Exercise details: Return all of the records exactly.

::::::

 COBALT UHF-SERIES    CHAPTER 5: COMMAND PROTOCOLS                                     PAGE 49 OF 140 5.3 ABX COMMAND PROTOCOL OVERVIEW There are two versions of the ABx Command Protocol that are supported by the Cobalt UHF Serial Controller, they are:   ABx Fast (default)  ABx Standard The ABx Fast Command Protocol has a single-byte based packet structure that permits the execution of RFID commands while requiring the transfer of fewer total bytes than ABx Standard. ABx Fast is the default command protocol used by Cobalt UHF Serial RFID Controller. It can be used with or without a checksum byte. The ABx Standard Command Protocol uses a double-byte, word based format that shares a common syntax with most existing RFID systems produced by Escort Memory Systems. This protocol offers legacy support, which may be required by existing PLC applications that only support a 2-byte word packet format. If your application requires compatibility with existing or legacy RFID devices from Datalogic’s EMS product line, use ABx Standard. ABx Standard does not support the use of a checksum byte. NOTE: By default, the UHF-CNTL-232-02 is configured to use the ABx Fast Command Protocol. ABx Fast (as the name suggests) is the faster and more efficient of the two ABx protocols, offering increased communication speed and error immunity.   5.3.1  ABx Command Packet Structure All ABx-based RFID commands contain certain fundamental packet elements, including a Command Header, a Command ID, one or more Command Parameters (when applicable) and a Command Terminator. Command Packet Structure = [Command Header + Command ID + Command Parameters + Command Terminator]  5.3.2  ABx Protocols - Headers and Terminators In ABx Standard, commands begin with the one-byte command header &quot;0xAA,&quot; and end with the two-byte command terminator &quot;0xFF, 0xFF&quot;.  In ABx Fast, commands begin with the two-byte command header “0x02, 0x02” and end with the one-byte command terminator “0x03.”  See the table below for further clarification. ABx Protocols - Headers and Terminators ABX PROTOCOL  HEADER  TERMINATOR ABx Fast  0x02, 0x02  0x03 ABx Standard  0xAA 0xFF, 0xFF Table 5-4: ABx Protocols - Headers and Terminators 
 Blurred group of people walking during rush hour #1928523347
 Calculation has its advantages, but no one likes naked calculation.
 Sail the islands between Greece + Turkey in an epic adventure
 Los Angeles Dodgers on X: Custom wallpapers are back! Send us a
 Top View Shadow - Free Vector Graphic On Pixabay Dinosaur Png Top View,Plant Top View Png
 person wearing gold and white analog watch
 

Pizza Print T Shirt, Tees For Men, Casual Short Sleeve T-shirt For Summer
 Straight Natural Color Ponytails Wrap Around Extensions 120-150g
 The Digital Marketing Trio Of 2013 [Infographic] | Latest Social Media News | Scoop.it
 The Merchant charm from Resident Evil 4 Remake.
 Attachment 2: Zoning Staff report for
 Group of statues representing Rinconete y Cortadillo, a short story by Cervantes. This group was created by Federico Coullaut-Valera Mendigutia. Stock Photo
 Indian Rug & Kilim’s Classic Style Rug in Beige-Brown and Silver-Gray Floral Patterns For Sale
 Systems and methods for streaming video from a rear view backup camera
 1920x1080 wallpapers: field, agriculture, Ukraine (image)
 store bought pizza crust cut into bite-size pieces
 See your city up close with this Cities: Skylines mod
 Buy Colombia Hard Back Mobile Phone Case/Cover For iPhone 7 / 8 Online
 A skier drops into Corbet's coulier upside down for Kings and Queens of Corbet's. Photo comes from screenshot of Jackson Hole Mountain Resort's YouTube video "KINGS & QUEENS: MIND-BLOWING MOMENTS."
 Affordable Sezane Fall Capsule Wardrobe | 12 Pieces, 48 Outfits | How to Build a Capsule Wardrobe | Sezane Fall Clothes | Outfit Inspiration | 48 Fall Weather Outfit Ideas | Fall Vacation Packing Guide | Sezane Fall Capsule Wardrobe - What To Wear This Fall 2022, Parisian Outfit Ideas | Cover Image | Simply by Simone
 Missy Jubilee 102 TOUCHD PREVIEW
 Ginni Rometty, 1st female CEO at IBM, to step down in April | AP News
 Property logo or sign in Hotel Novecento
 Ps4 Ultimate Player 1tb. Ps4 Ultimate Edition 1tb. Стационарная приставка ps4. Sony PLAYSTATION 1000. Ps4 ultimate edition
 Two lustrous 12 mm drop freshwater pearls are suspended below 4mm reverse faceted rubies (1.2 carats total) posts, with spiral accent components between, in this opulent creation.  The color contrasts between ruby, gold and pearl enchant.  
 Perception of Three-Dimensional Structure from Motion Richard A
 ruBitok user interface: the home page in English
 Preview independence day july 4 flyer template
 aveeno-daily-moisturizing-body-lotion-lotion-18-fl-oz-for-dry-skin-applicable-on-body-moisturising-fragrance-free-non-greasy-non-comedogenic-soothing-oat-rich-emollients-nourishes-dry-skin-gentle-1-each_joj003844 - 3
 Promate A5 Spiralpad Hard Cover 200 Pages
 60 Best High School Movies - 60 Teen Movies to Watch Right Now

::::::

Exercise result:
 COBALT UHF-SERIES    CHAPTER 5: COMMAND PROTOCOLS                                     PAGE 49 OF 140 5.3 ABX COMMAND PROTOCOL OVERVIEW There are two versions of the ABx Command Protocol that are supported by the Cobalt UHF Serial Controller, they are:   ABx Fast (default)  ABx Standard The ABx Fast Command Protocol has a single-byte based packet structure that permits the execution of RFID commands while requiring the transfer of fewer total bytes than ABx Standard. ABx Fast is the default command protocol used by Cobalt UHF Serial RFID Controller. It can be used with or without a checksum byte. The ABx Standard Command Protocol uses a double-byte, word based format that shares a common syntax with most existing RFID systems produced by Escort Memory Systems. This protocol offers legacy support, which may be required by existing PLC applications that only support a 2-byte word packet format. If your application requires compatibility with existing or legacy RFID devices from Datalogic’s EMS product line, use ABx Standard. ABx Standard does not support the use of a checksum byte. NOTE: By default, the UHF-CNTL-232-02 is configured to use the ABx Fast Command Protocol. ABx Fast (as the name suggests) is the faster and more efficient of the two ABx protocols, offering increased communication speed and error immunity.   5.3.1  ABx Command Packet Structure All ABx-based RFID commands contain certain fundamental packet elements, including a Command Header, a Command ID, one or more Command Parameters (when applicable) and a Command Terminator. Command Packet Structure = [Command Header + Command ID + Command Parameters + Command Terminator]  5.3.2  ABx Protocols - Headers and Terminators In ABx Standard, commands begin with the one-byte command header &quot;0xAA,&quot; and end with the two-byte command terminator &quot;0xFF, 0xFF&quot;.  In ABx Fast, commands begin with the two-byte command header “0x02, 0x02” and end with the one-byte command terminator “0x03.”  See the table below for further clarification. ABx Protocols - Headers and Terminators ABX PROTOCOL  HEADER  TERMINATOR ABx Fast  0x02, 0x02  0x03 ABx Standard  0xAA 0xFF, 0xFF Table 5-4: ABx Protocols - Headers and Terminators 
 Blurred group of people walking during rush hour #1928523347
 Calculation has its advantages, but no one likes naked calculation.
 Sail the islands between Greece + Turkey in an epic adventure
 Los Angeles Dodgers on X: Custom wallpapers are back! Send us a
 Top View Shadow - Free Vector Graphic On Pixabay Dinosaur Png Top View,Plant Top View Png
 person wearing gold and white analog watch
 

Pizza Print T Shirt, Tees For Men, Casual Short Sleeve T-shirt For Summer
 Straight Natural Color Ponytails Wrap Around Extensions 120-150g
 The Digital Marketing Trio Of 2013 [Infographic] | Latest Social Media News | Scoop.it
 The Merchant charm from Resident Evil 4 Remake.
 Attachment 2: Zoning Staff report for
 Group of statues representing Rinconete y Cortadillo, a short story by Cervantes. This group was created by Federico Coullaut-Valera Mendigutia. Stock Photo
 Indian Rug & Kilim’s Classic Style Rug in Beige-Brown and Silver-Gray Floral Patterns For Sale
 Systems and methods for streaming video from a rear view backup camera
 1920x1080 wallpapers: field, agriculture, Ukraine (image)
 store bought pizza crust cut into bite-size pieces
 See your city up close with this Cities: Skylines mod
 Buy Colombia Hard Back Mobile Phone Case/Cover For iPhone 7 / 8 Online
 A skier drops into Corbet's coulier upside down for Kings and Queens of Corbet's. Photo comes from screenshot of Jackson Hole Mountain Resort's YouTube video "KINGS & QUEENS: MIND-BLOWING MOMENTS."
 Affordable Sezane Fall Capsule Wardrobe | 12 Pieces, 48 Outfits | How to Build a Capsule Wardrobe | Sezane Fall Clothes | Outfit Inspiration | 48 Fall Weather Outfit Ideas | Fall Vacation Packing Guide | Sezane Fall Capsule Wardrobe - What To Wear This Fall 2022, Parisian Outfit Ideas | Cover Image | Simply by Simone
 Missy Jubilee 102 TOUCHD PREVIEW
 Ginni Rometty, 1st female CEO at IBM, to step down in April | AP News
 Property logo or sign in Hotel Novecento
 Ps4 Ultimate Player 1tb. Ps4 Ultimate Edition 1tb. Стационарная приставка ps4. Sony PLAYSTATION 1000. Ps4 ultimate edition
 Two lustrous 12 mm drop freshwater pearls are suspended below 4mm reverse faceted rubies (1.2 carats total) posts, with spiral accent components between, in this opulent creation.  The color contrasts between ruby, gold and pearl enchant.  
 Perception of Three-Dimensional Structure from Motion Richard A
 ruBitok user interface: the home page in English
 Preview independence day july 4 flyer template
 aveeno-daily-moisturizing-body-lotion-lotion-18-fl-oz-for-dry-skin-applicable-on-body-moisturising-fragrance-free-non-greasy-non-comedogenic-soothing-oat-rich-emollients-nourishes-dry-skin-gentle-1-each_joj003844 - 3
 Promate A5 Spiralpad Hard Cover 200 Pages
 60 Best High School Movies - 60 Teen Movies to Watch Right Now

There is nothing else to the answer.